** Task instructions **
From the first line to the last, copy the material word for word; pictures stay out.
··· Source material
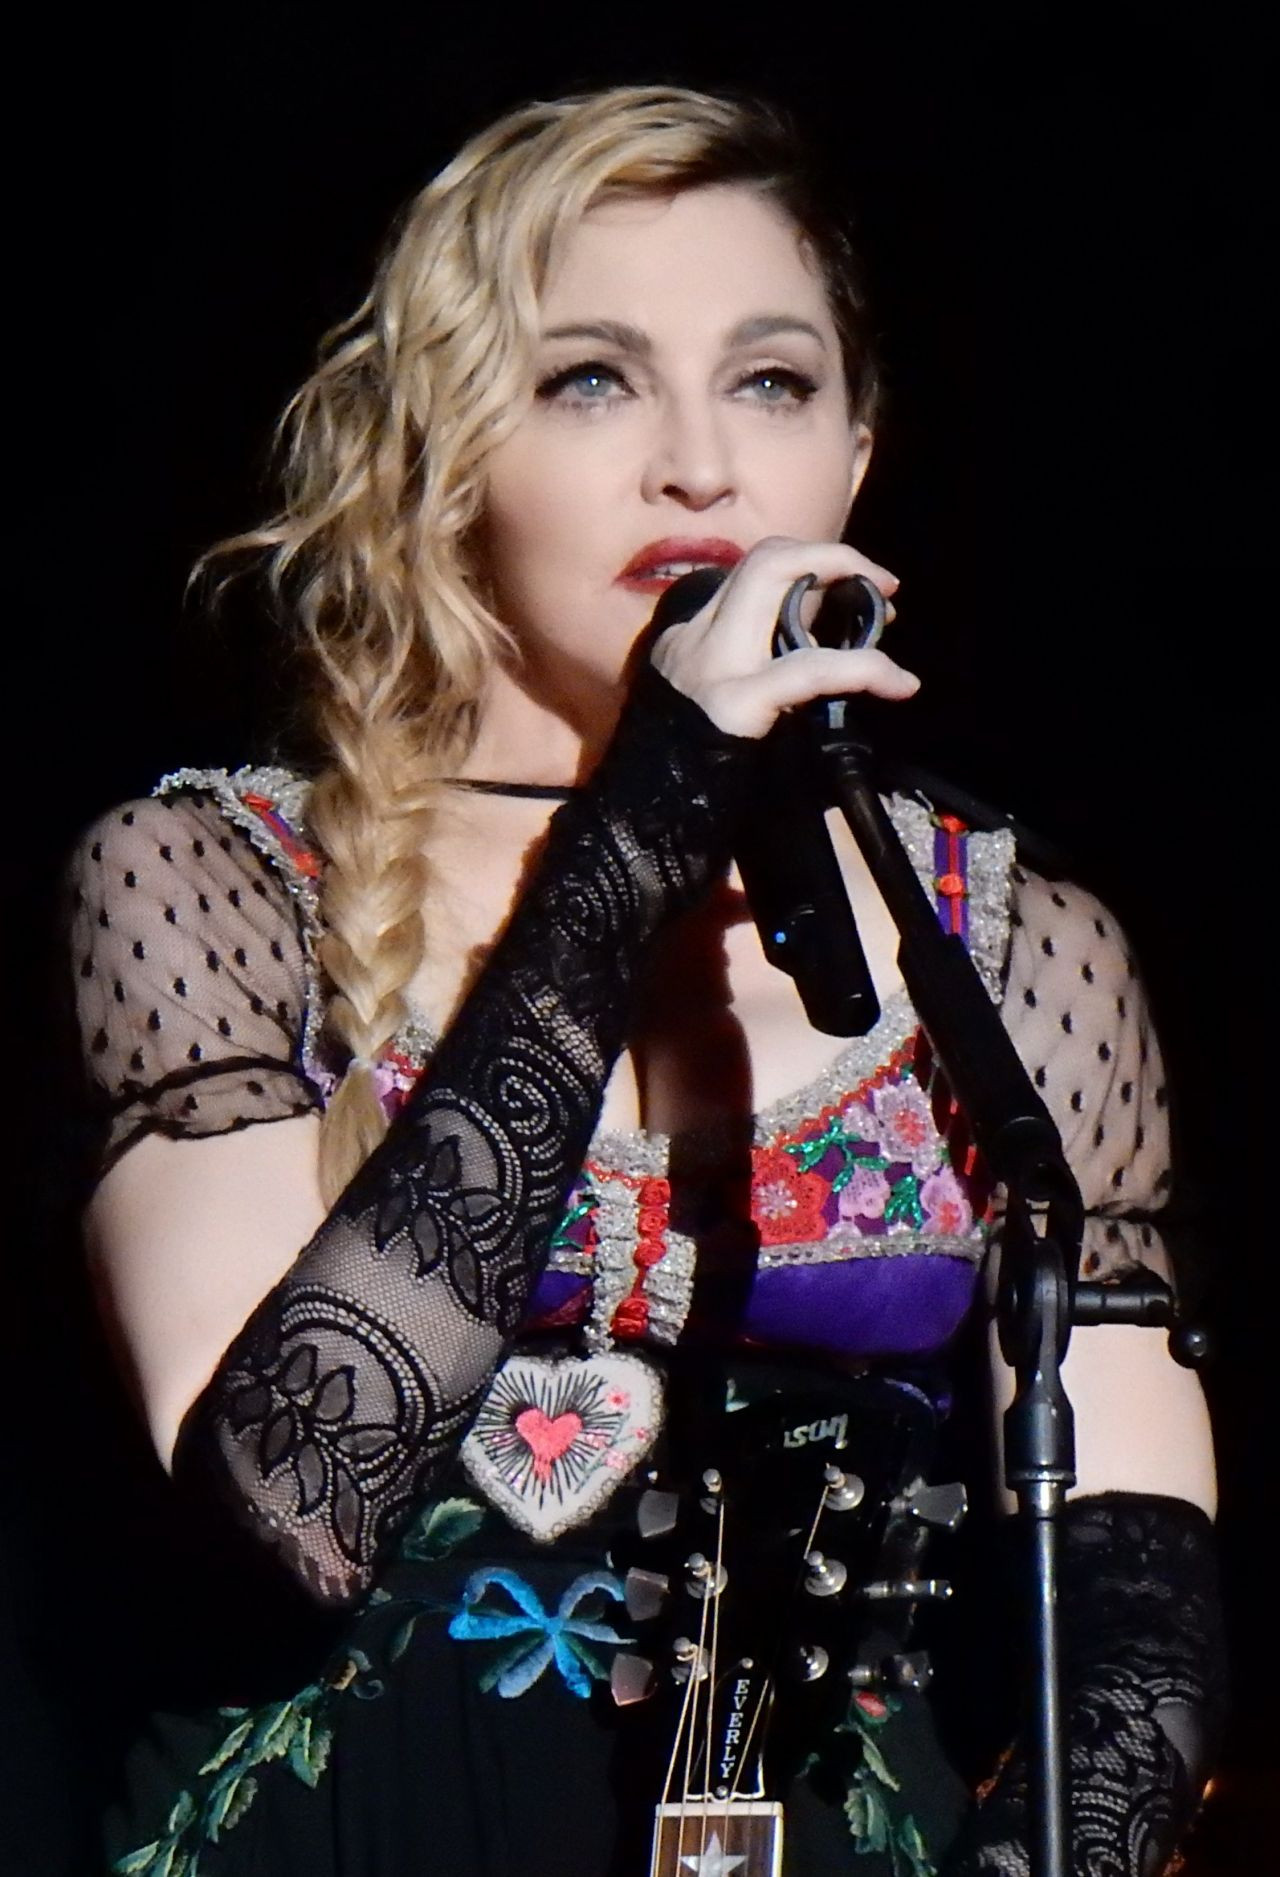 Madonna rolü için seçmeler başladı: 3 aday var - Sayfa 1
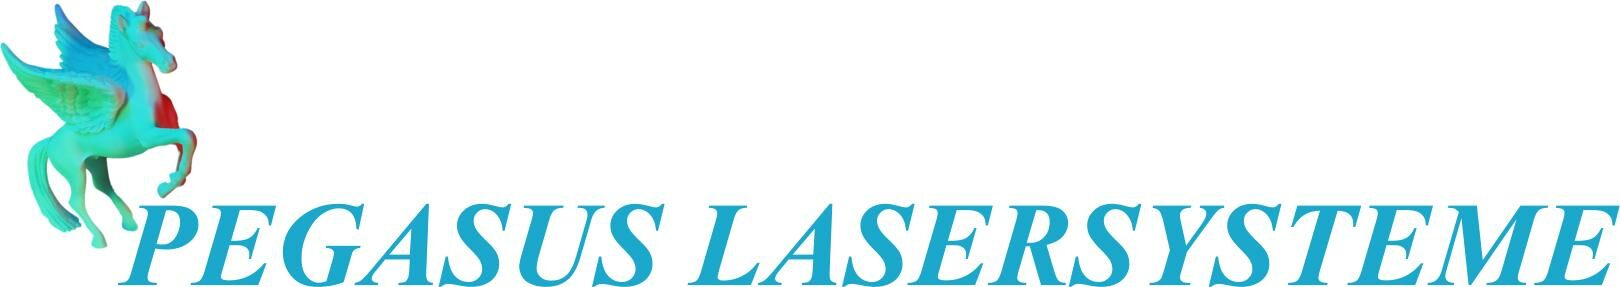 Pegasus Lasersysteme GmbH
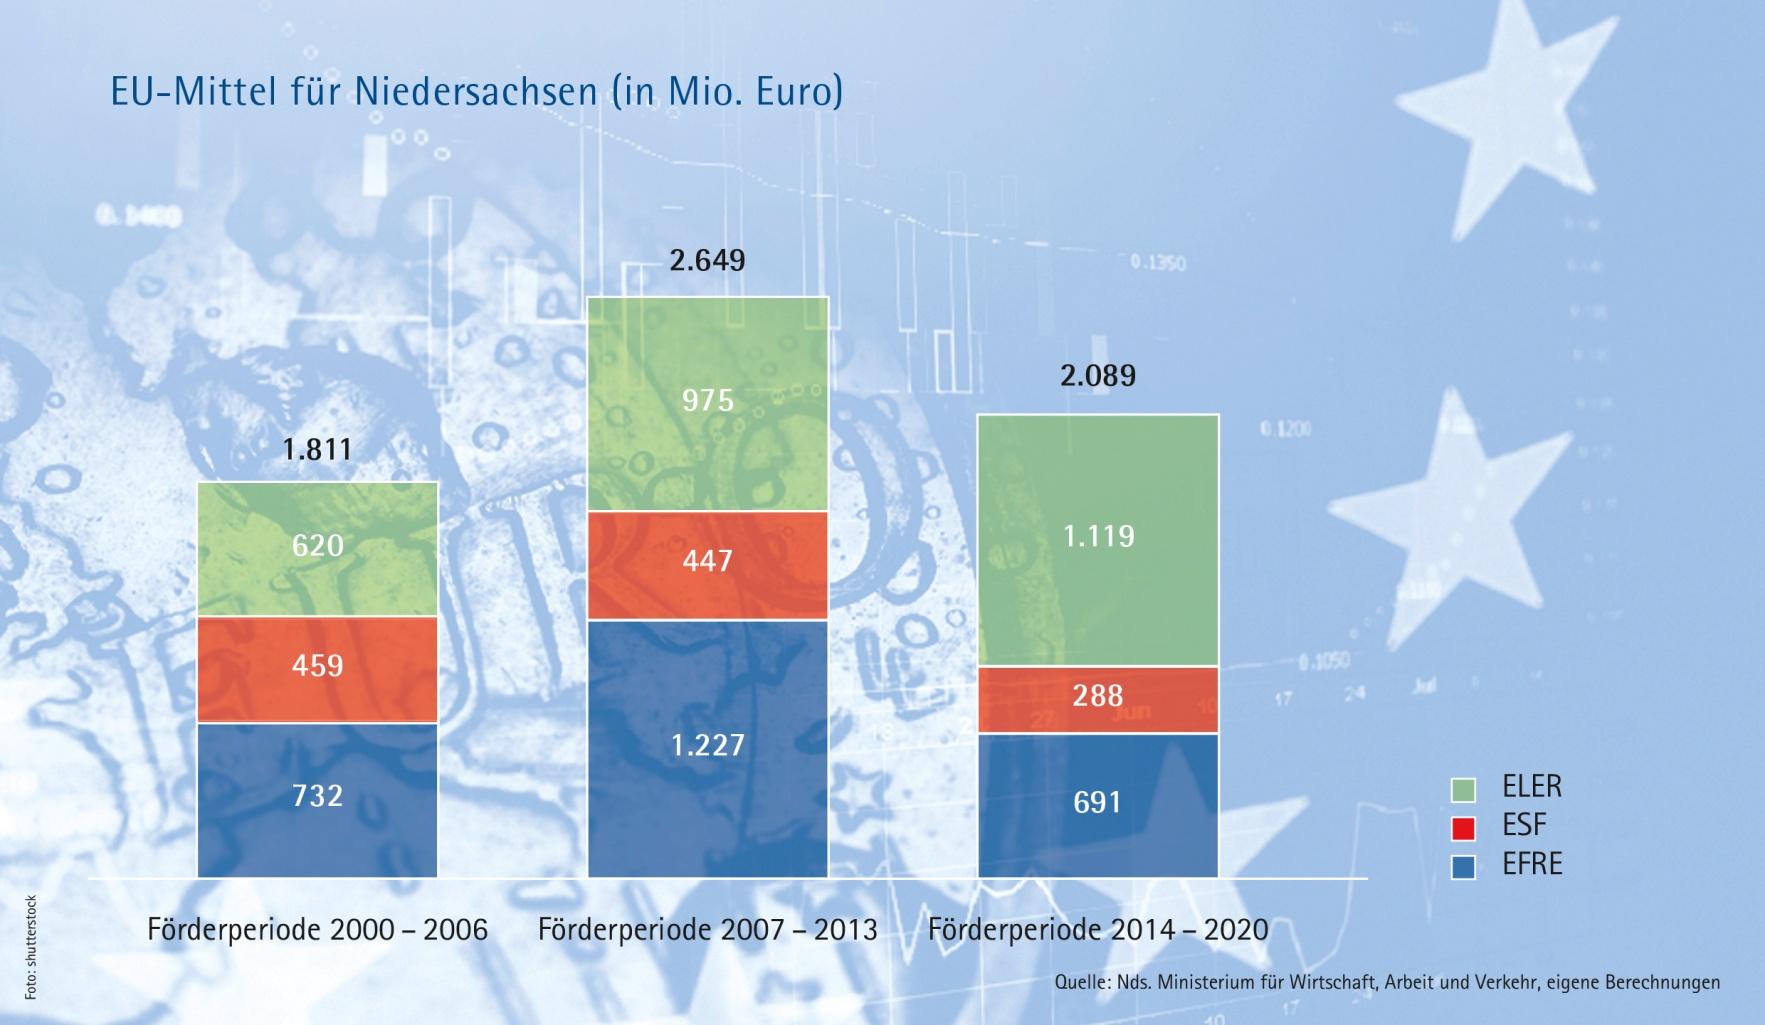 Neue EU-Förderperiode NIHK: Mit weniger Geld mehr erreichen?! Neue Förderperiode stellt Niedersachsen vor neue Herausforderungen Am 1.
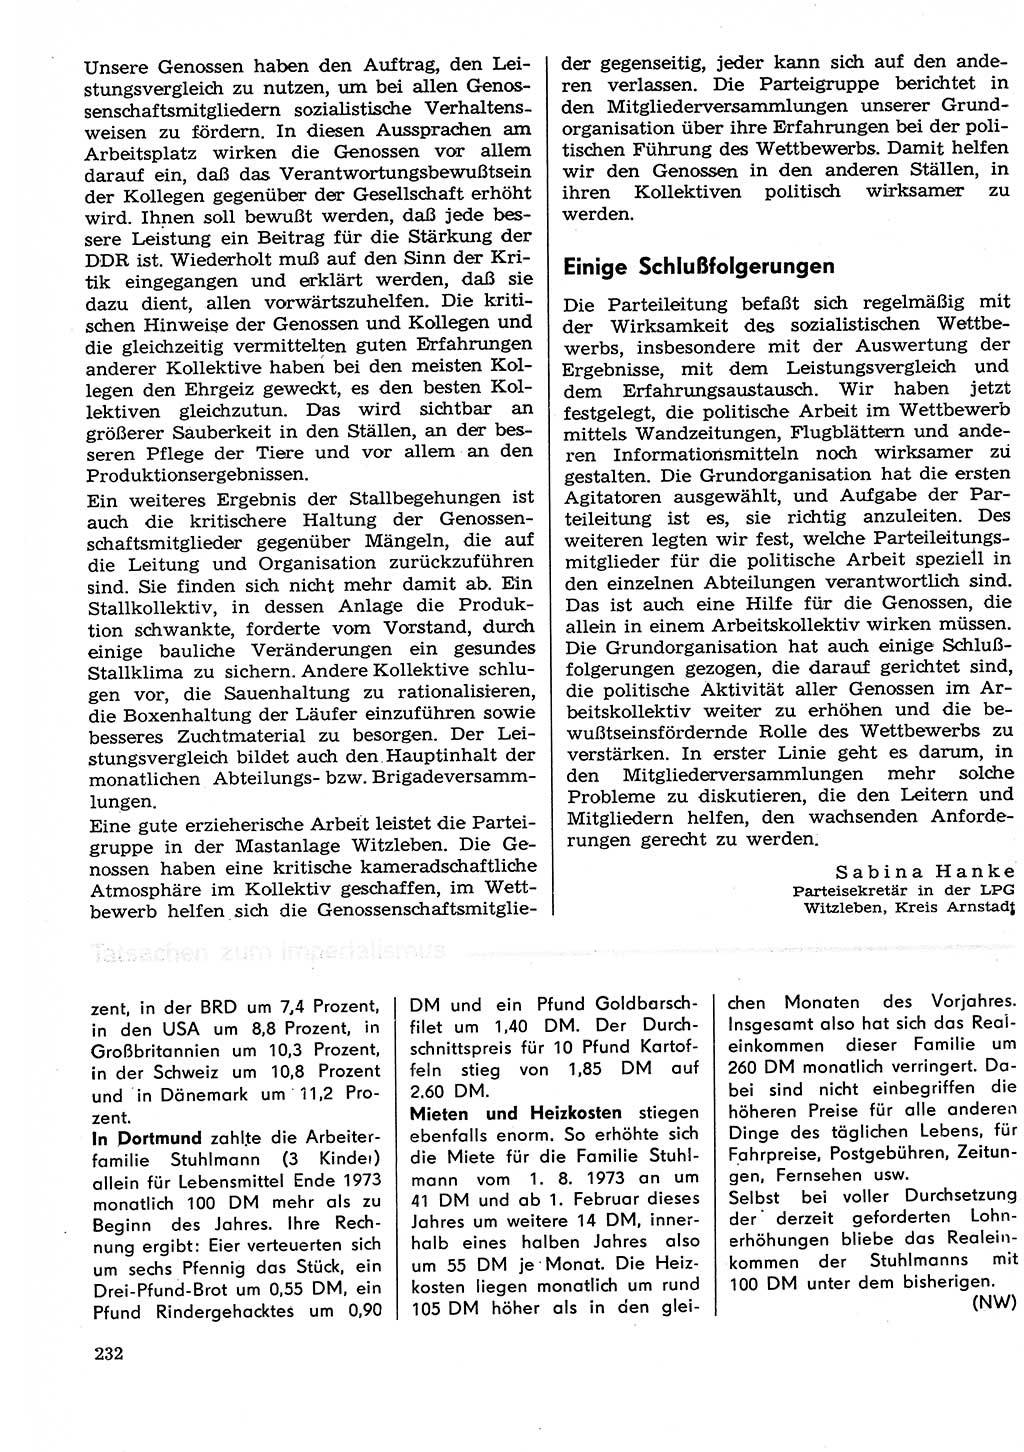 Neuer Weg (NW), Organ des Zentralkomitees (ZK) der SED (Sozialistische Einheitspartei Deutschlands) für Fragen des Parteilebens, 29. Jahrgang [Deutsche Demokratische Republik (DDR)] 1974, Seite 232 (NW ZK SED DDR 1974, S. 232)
······
** Exercise result **
 Madonna rolü için seçmeler başladı: 3 aday var - Sayfa 1
 Pegasus Lasersysteme GmbH
 Neue EU-Förderperiode NIHK: Mit weniger Geld mehr erreichen?! Neue Förderperiode stellt Niedersachsen vor neue Herausforderungen Am 1.
 Neuer Weg (NW), Organ des Zentralkomitees (ZK) der SED (Sozialistische Einheitspartei Deutschlands) für Fragen des Parteilebens, 29. Jahrgang [Deutsche Demokratische Republik (DDR)] 1974, Seite 232 (NW ZK SED DDR 1974, S. 232)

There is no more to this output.